Fuel must have completely redundant supply lines in order to be Concurrently Maintainable.

Tier topology views gas supply lines as a utility similar to water or electricity. Thus, as a utility, a minimum of 12 hours of gas is required to be stored on-site in a manner consistent with the site’s Tier design objective. The result is one or more large gas tanks for storage. While Tiers allow this solution, not many jurisdictions have shown tolerance for large gas storage under local or national code. And, from an Operational Sustainability perspective, multiple large gas tanks could be an explosion hazard. Explosion risk may be mitigated but certainly is a major design consideration.
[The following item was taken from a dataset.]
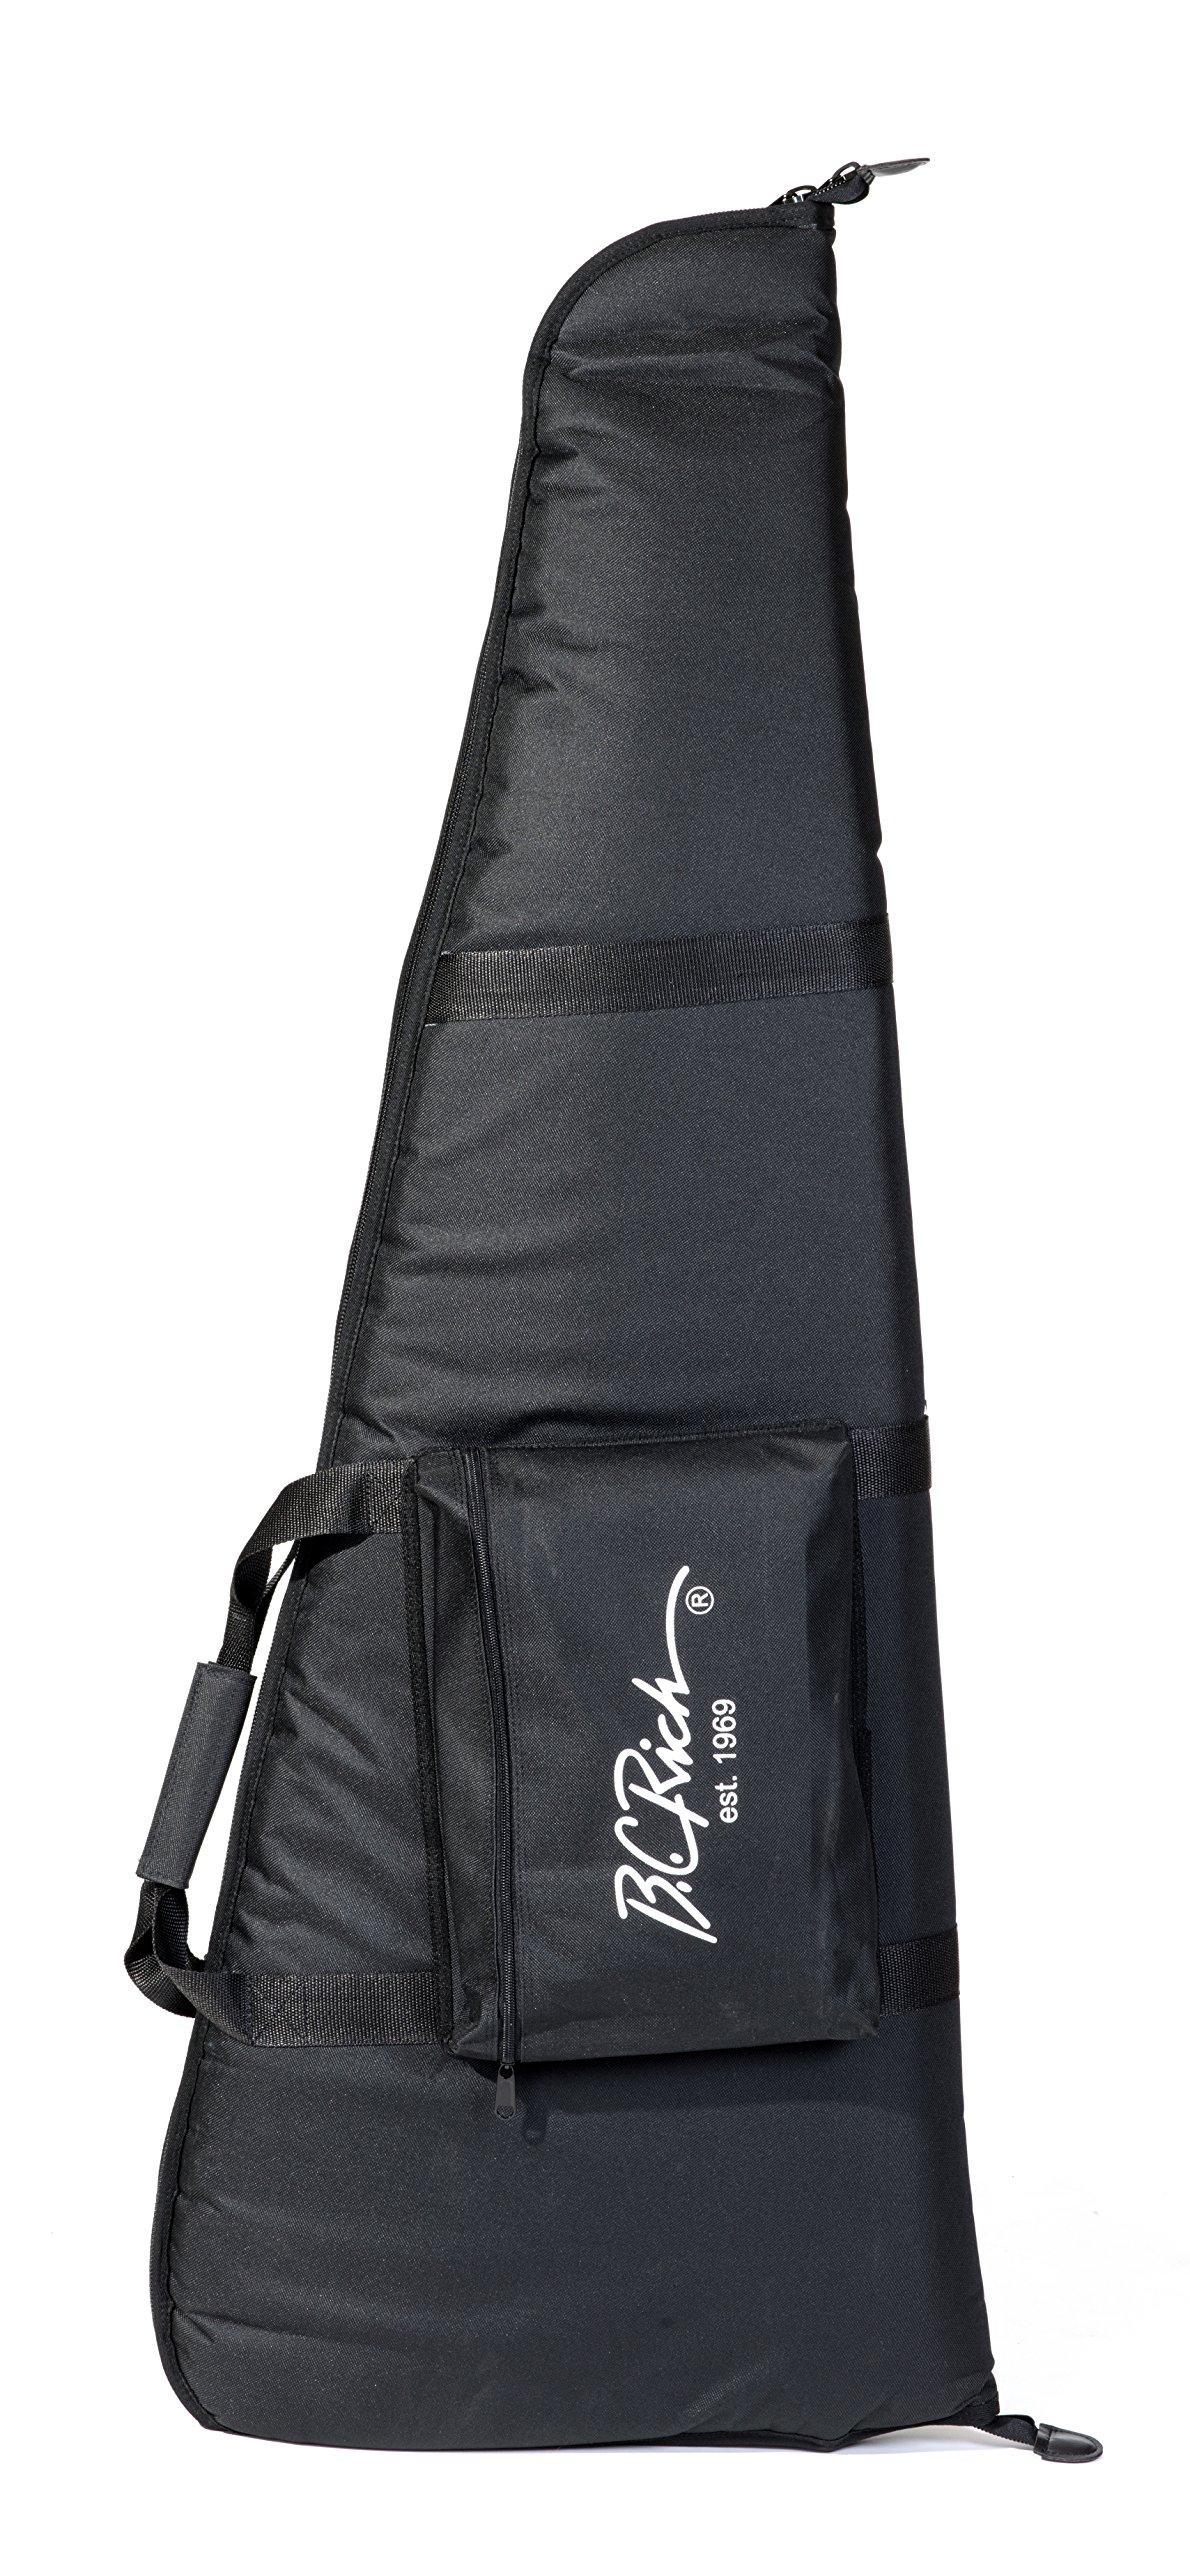 B.C. Rich Gig Bag for Warlock, Warbeast, Junior V & Bass Models, Deluxe Padding
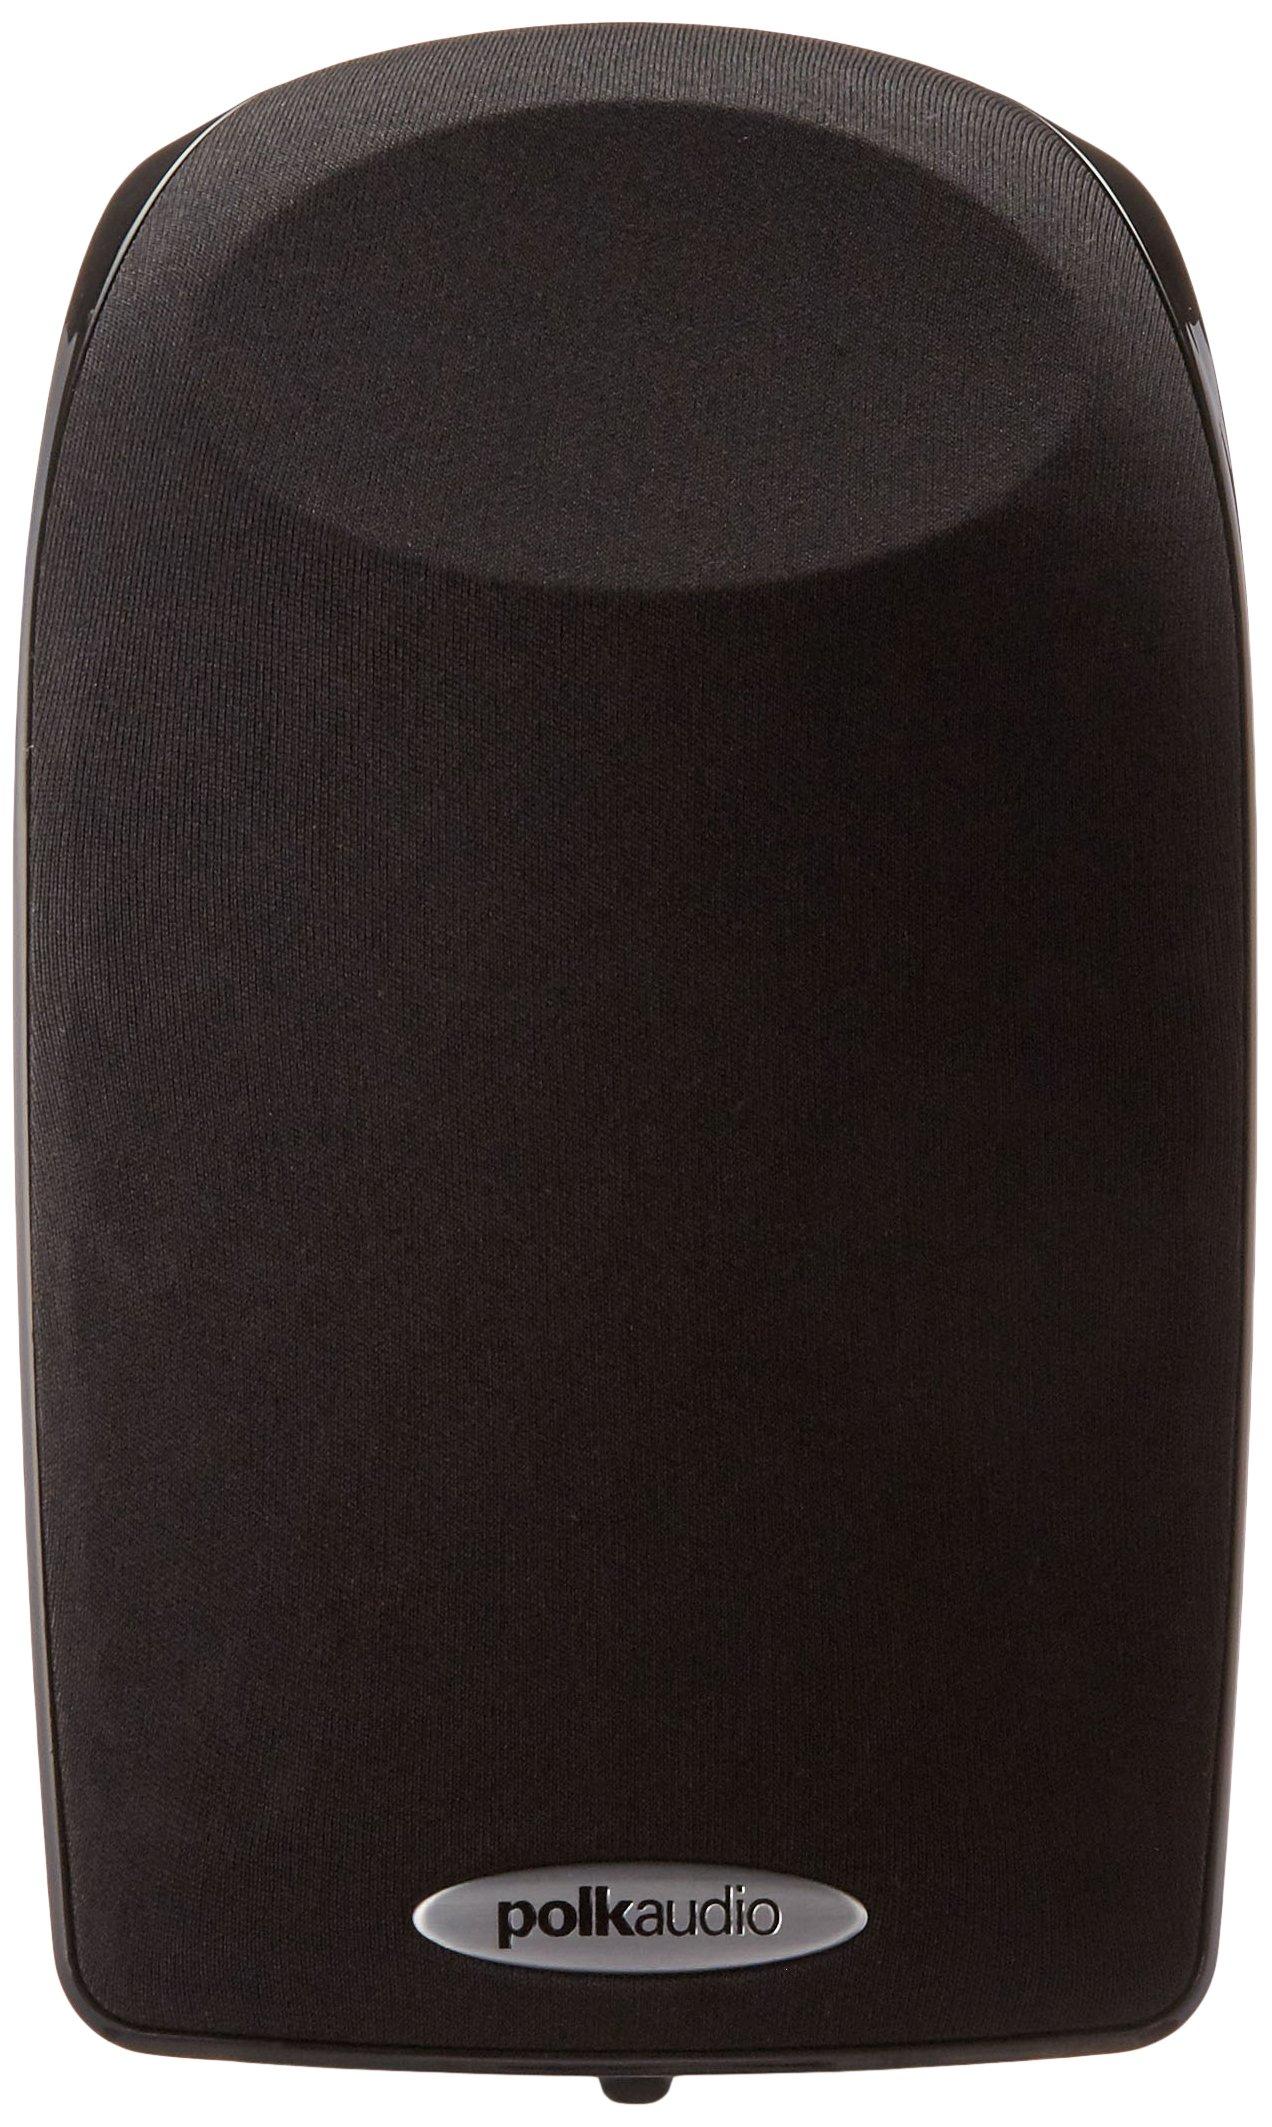 Polk Audio TL3 High Performance Satellite Speaker - Black, Single speaker - Priced and sold individually by Polk Audio

Fuel System Design Impacts to Operational Sustainability
Operational Sustainability defines the behaviors and risks beyond Tier Topology that impact the ability of a data center to meet its business objectives over the long term. Of the three elements of Operational Sustainability, the data center design team influences the building characteristics element the most. An improperly designed fuel system can have serious negative Operational Sustainability impacts.

Sustainability Impacts
Recent weather and disaster events have shown that planning for more extreme circumstances than previously anticipated is being realized. Properly designed fuel storage can mitigate the operational risks related to long-term outages and fuel availability caused by disaster. Some questions to ask include:

What is the owner’s business continuity objective and corporate policy?
How will the data center operator manage the bulk fuel on hand?
What is the site’s risk of a natural disaster?
What is the site’s risk of a man-made disaster?
What fuel service can be provided in a local disaster, and can local suppliers meet fuel requirements?
What fuel service can be provided in a regional emergency, and within what time period?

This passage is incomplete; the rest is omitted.